The concept of an "ideal" mean arterial pressure (MAP) is an elusive one. The optimal MAP is one which would provide a sufficient flow of blood to delicately balance hemostasis, maintain the rheologic properties of blood and simultaneously provide adequate tissue perfusion. MAPs of 40 - 80 mmHg have been used as end points of resuscitation in most clinical trials. However no studies conducted so far have explicated the ideal MAP in trauma fluid resuscitation, or correlated it to survival or degree of organ dysfunction. Physiologic data extrapolated from studies on renal perfusion and cerebral blood flow autoregulation indicate, that the minimal MAP for the functioning of at least these vital organs, is about 50 - 70 mmHg.
The incidence of traumatic brain injuries (TBI) is increasing worldwide. A major concern with hypotensive resuscitation, is the possible effect of exacerbating secondary brain damage in patients with concomitant severe head injuries. Pioneering clinical research by Rosner et al13 strongly suggested that maintaining the cerebral perfusion pressure (CPP) more than 70 mmHg reduces morbidity and mortality in TBI patients. Recent work by Alspaugh et al14 demonstrated that delaying fluid resuscitation in animals with combined grade IV splenic and traumatic brain injuries, led to a higher mortality rate. They also found that the size of the brain lesions on post mortem examinations were larger in the cohort with delayed fluid resuscitation.

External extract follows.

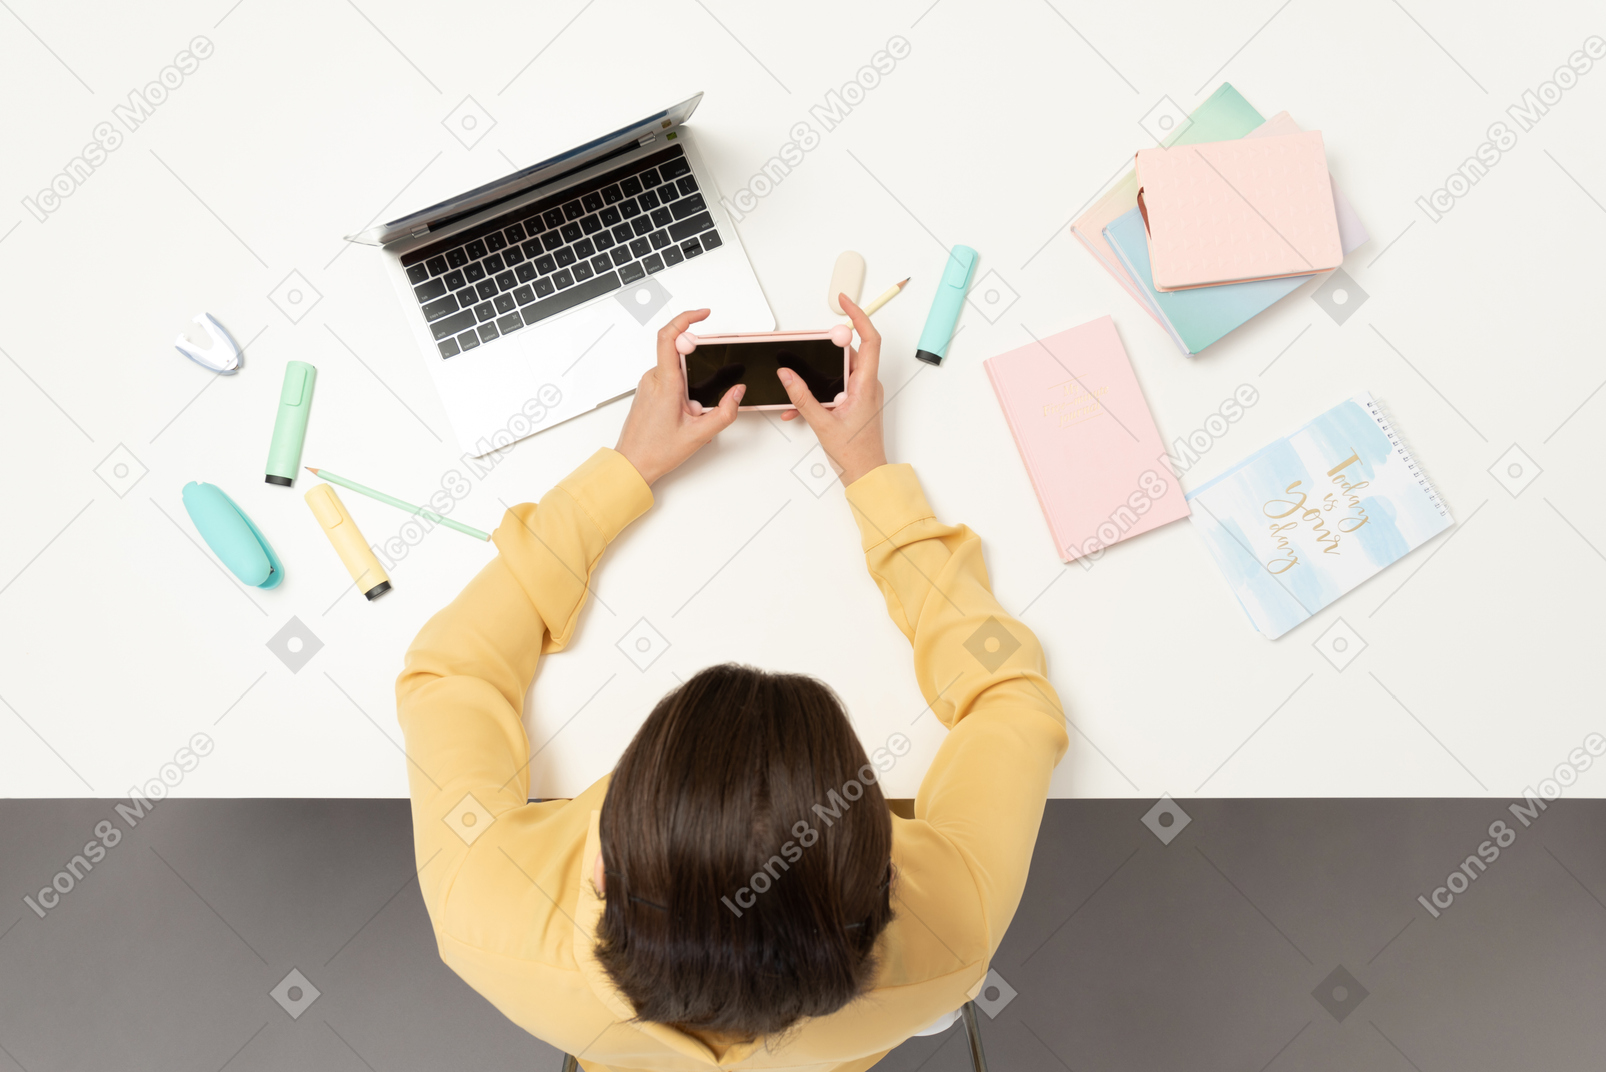 A female office worker holding mobile phone

Trauma fluid resuscitation continues to be a hotly debated issue. There is overwhelming experimental evidence to suggest that administration of resuscitation fluids is not entirely innocuous. Aggressive intravenous crystalloid administration in the presence of uncontrolled hemorrhage promotes continued bleeding and increases mortality. However this is countered by concerns that avoidance of fluids in the resuscitative phase may lead to tissue hypoperfusion, organ failure and death prior to control of bleeding. It may also have a deleterious effect on neurologic outcome in patients with TBI as well as increase the number of unnecessary operations. Currently there is no clear cut universal consensus pertaining to the optimal resuscitation strategy in trauma patients. However most prudent trauma surgeons propose, that a policy of judicious fluid administration to maintain the MAP in the 60 - 80 mmHg range is advisable and appropriate.15,16 Fluid resuscitation in trauma should be considered a double edged sword (too much too early or too little too late!). It should not be considered definitive therapy; as in a number of trauma patients it is only a temporizing measure, until surgical control of bleeding can be achieved.
1. Advanced Trauma Life Support Course.® 7th. ed. Chicago: American College of Surgeons, 2001.